IHC analysis was performed on tissue sections from independent pancreatic cancer samples (UCLA cohort), constructed into a tissue microarray. The UCLA cohort consisted of 145 pancreatic adenocarcinoma patients with a mean survival time of 35 months, ranging from 0.45 to 100 months. Overall, the neoplastic epithelial cells displayed varying degrees of PRELP protein staining, while peritumoral stromal cells were mostly negative with rare weak positivity seen in occasional cases.The IHC scoring was therefore based on tumor cell staining. The survival time of the patients was blinded at the time of IHC scoring.Three out of the 145 specimens were excluded from the analysis because of an absence of tumor cells in the tissue cores available for analysis. The 142 cases were separated into tertiles based on the IHC scores, with top two tertiles being the high PRELP group, and the bottom tertile being the low PRELP group. No significant associations were noted between PRELP abundance and baseline clinicopathologic parameters including age, gender, tumor grade, tumor size, tumor stage, lymph node involvement, and tumor margin status. Neoplastic cells from tumor tissue of patients with longer survival displayed higher intensity PRELP protein staining than the tumor tissue of patients with shorter survival (Figure 3B and 3C). Kaplan-Meier survival analysis suggested that patients with high PRELP staining had significantly better survival time (p=0.013, Figure 4A). Overall mean survival time for patients with high versus low PRELP staining was 40.9 versus 27.0 months, respectively. Univariate Cox regression analysis confirmed that high abundance of PRELP was significantly associated with improved overall survival (hazard ratio=0.61, 95% confidence interval 0.42-0.91, p=0.015). In multivariate Cox analysis, high PRELP abundance fell just short of statistical significance (HR=0.68, 95% CI 0.46-1.02) in a model with other significant pathologic variables including high histologic grade (HR=1.51, 95% CI 1.02-2.23), positive lymph node involvement (HR=1.63, 95% CI 1.12-2.39) and low pathologic T stage (HR=0.62, 95% CI 0.41-0.92) (Table 3A).
Figure 4.
Table 3.
Multivariate COX regression analysis evaluating PRELP and RPS8 staining with PDAC survival.

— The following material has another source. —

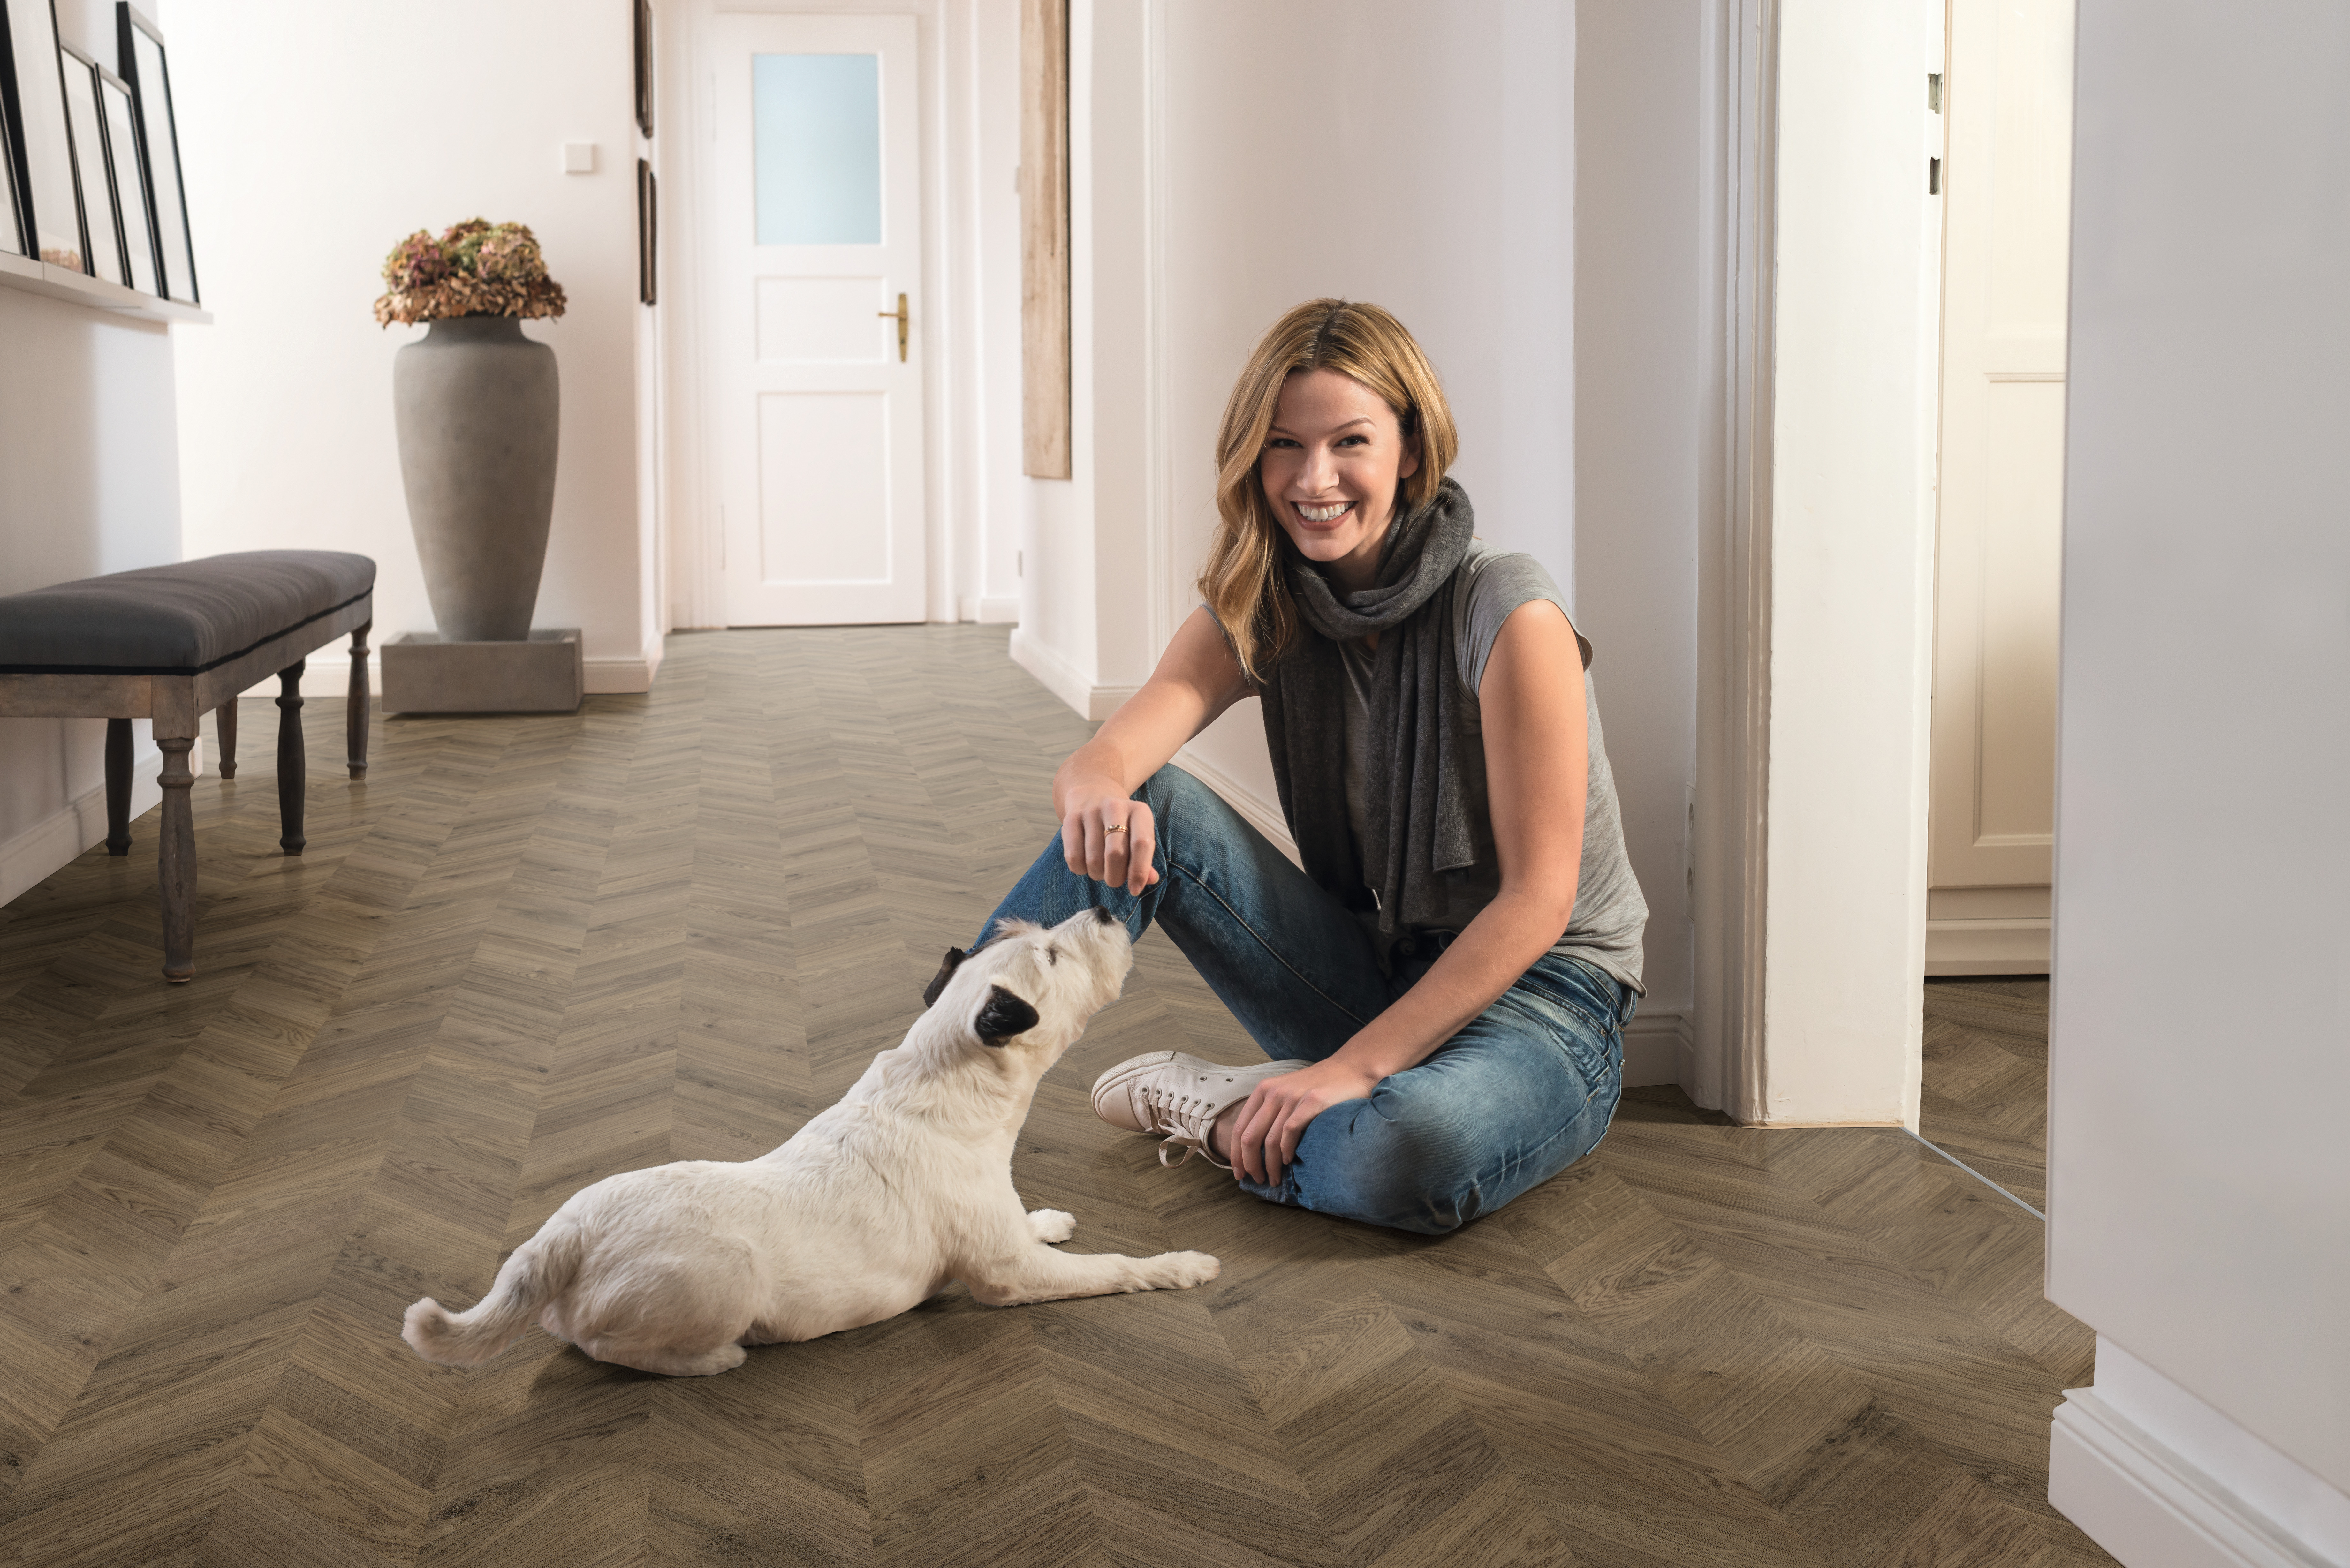 Try out EGGER flooring in the Floor Visualizer

A. PRELP Bottom Tertile Staining in Multivariate Analysis | ||||
---|---|---|---|---|
| ||||
Variable | P value | HR | 95% CI Lower | 95%CI Upper |
| ||||
High grade | 0.039 | 1.511 | 1.022 | 2.235 |
pN1 | 0.012 | 1.632 | 1.116 | 2.388 |
BottomTertile_PRELP | 0.062 | 0.684 | 0.459 | 1.019 |
B. RPS8 Top Quartile Staining in Multivariate Analysis | ||||
---|---|---|---|---|
| ||||
Variable | P value | HR | 95% CI Lower | 95%CI Upper |
| ||||
Female | 0.081 | 1.398 | 0.96 | 2.037 |
High Grade | 0.003 | 1.788 | 1.217 | 2.627 |
pN1 | 0.026 | 1.546 | 1.053 | 2.272 |
TopQuartile_RPS8 | 0.012 | 1.806 | 1.139 | 2.863 |
C. Combination of “LowRPS8 and HighPRELP” vs. all others | ||||
---|---|---|---|---|
| ||||
Variable | P value | HR | 95% CI Lower | 95%CI Upper |
| ||||
Female | 0.074 | 1.407 | 0.967 | 2.049 |
High grade | 0.035 | 1.521 | 1.03 | 2.247 |
pN1 | 0.024 | 1.555 | 1.059 | 2.283 |
LowRPS8_HighPRELP | 0.024 | 0.638 | 0.432 | 0.942 |
D. Combination of “HighRPS8 and LowPRELP” vs. all others | ||||
---|---|---|---|---|
| ||||
Variable | P value | HR | 95% CI Lower | 95%CI Upper |
| ||||
High grade | 0.008 | 1.686 | 1.146 | 2.481 |
pN1 | 0.009 | 1.682 | 1.136 | 2.49 |
HighRPS8_LowPRELP | 0.001 | 2.685 | 1.464 | 4.924 |
Correlation of 40S ribosomal protein S8 (RPS8) with shorter pancreatic cancer survival
Another protein candidate selected for IHC analysis was the 40S ribosomal protein S8 (RPS8). Overall, RPS8 protein was 7.7 fold more abundant in the tumors from the STS group compared to the VLTS group according to the proteomics data. At the individual sample level, the RPS8 protein was detected in all 5 STS tumor samples, but in only one VLTS tumor sample (Figure 3D). The spectral counts of RPS8 were significantly higher in STS than VLST (p=0.019). Moreover, protein network analysis revealed that a large group of ribosomal and ribosomal-associated proteins extensively interact with RPS8 (Supplemental Figure 2). The many proteins from this group were elevated in the tumor tissue of STS patients and highly interactive among themselves, implying that pathways impacting RPS8 and associated ribosomal proteins may play a role in pancreatic cancer survival.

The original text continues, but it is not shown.